A Facebook post by Harry Budgell credited Pete Potipcoe of Country 93.3 with providing breaking updates that helped evacuees leave the city safely. Others called out the work of local reporters at Fort McMurray Today in keeping the public informed both while the evacuation was underway and since having to leave the city themselves.
Rescue convoys: Ordinary citizens in Alberta are also working to help in Fort McMurray, from offering space in private homes and rentals to boarding pets and collecting supplies and donations for the displaced. Rescue convoys filled with essential items like gasoline, diapers, baby formula and food have been deploying since the evacuations began, reaching people stranded on highways and staying at evacuation centres, oilsands worker camps and First Nation reserves.
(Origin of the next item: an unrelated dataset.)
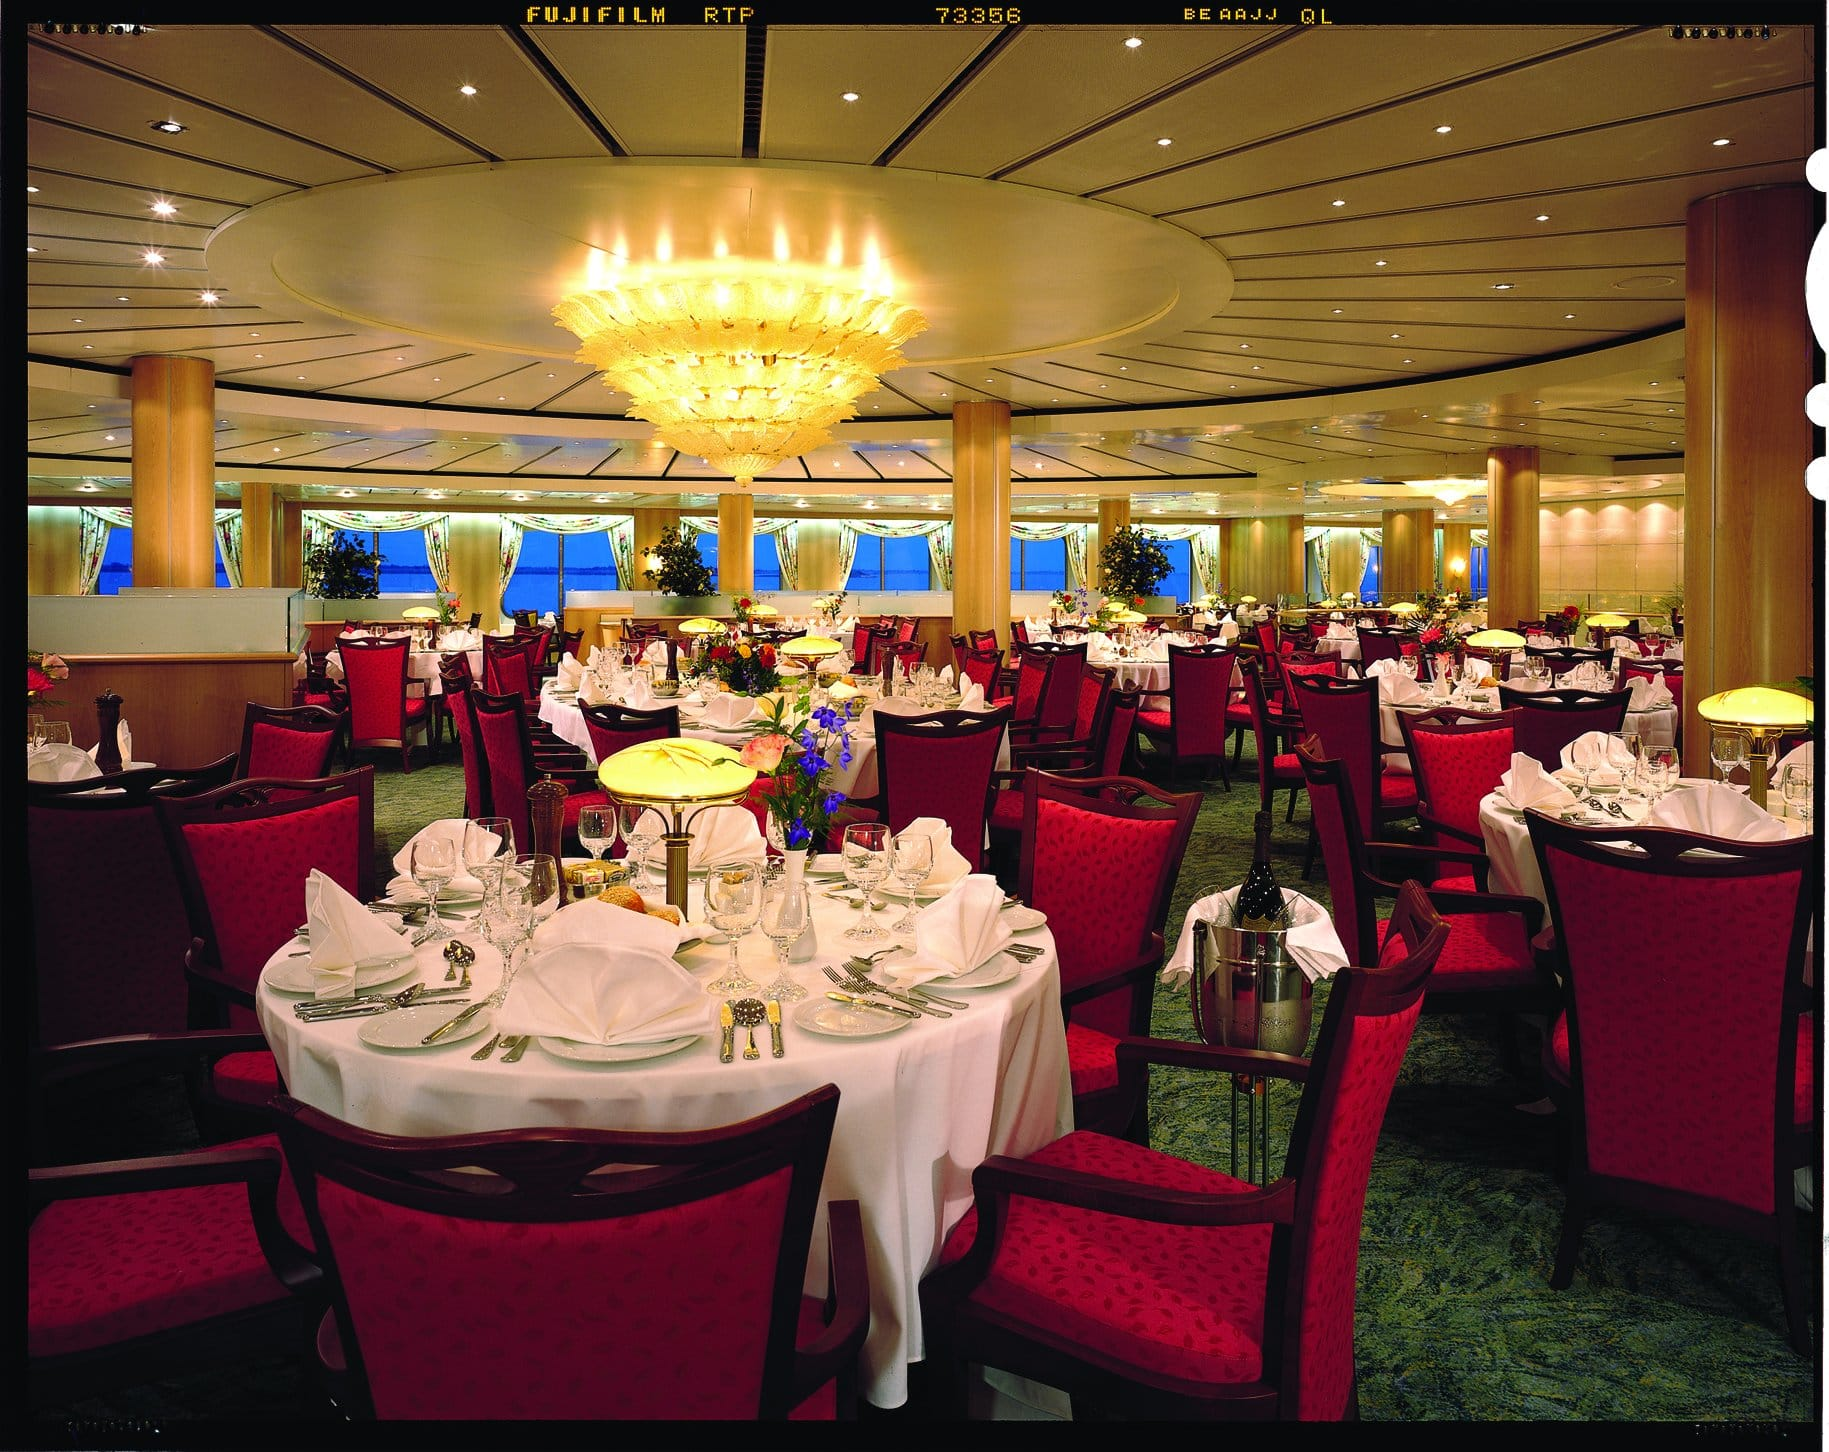 La Sirena Main Dining Room

Many have driven for a full day without rest, going back and forth to restock with supplies that have been donated and purchased by people in communities across the province.
Hospital workers: When the citywide mandatory evacuation order came on Tuesday, that included the patients and staff of the Northern Lights Regional Health Centre. Staff at the hospital managed to remove all 105 patients, including long-term care patients and nine newborns with their mothers, in about two hours. They’ve continued working since the evacuation itself, caring for those patients who needed it in evacuation centres and helping to triage them for ground or air transport to other facilities.
RCMP: Mounties are among the first responders working in Fort McMurray, first to help citizens leave and now to find those who still refuse to — or are unable to — leave. Others are currently working to marshal a convoy of people travelling south from where they first evacuated north of the city. The RCMP hopes to move thousands south through the evacuated city along Highway 63, 50 cars at a time.
Some of those people still working in the city are unsure of the state of their own homes, and others know theirs are gone. “It makes a tough job harder,” Cpl. George Cameron, who is unsure if his home is intact, told the National Post.
Fort McMurrayites: And there has been plenty of heroism found among the city’s residents themselves, who left by the tens of thousands and almost completely avoided injury or loss of life. Lisa Hilsenteger is just one example, though perhaps the most striking to come out of the evacuation stories so far. The principal of Father Turcotte School in downtown Fort McMurray got students and staff in a school bus, first from her school to Timberlea High School in the city’s north. Then, picking up stragglers along the way the bus left the city and headed north to a camp hosting evacuees, then south again to her father’s home in Athabasca. All of the bus passengers were reunited with their families, either along the way or in Athabasca, as was Hilsenteger with her own husband and son.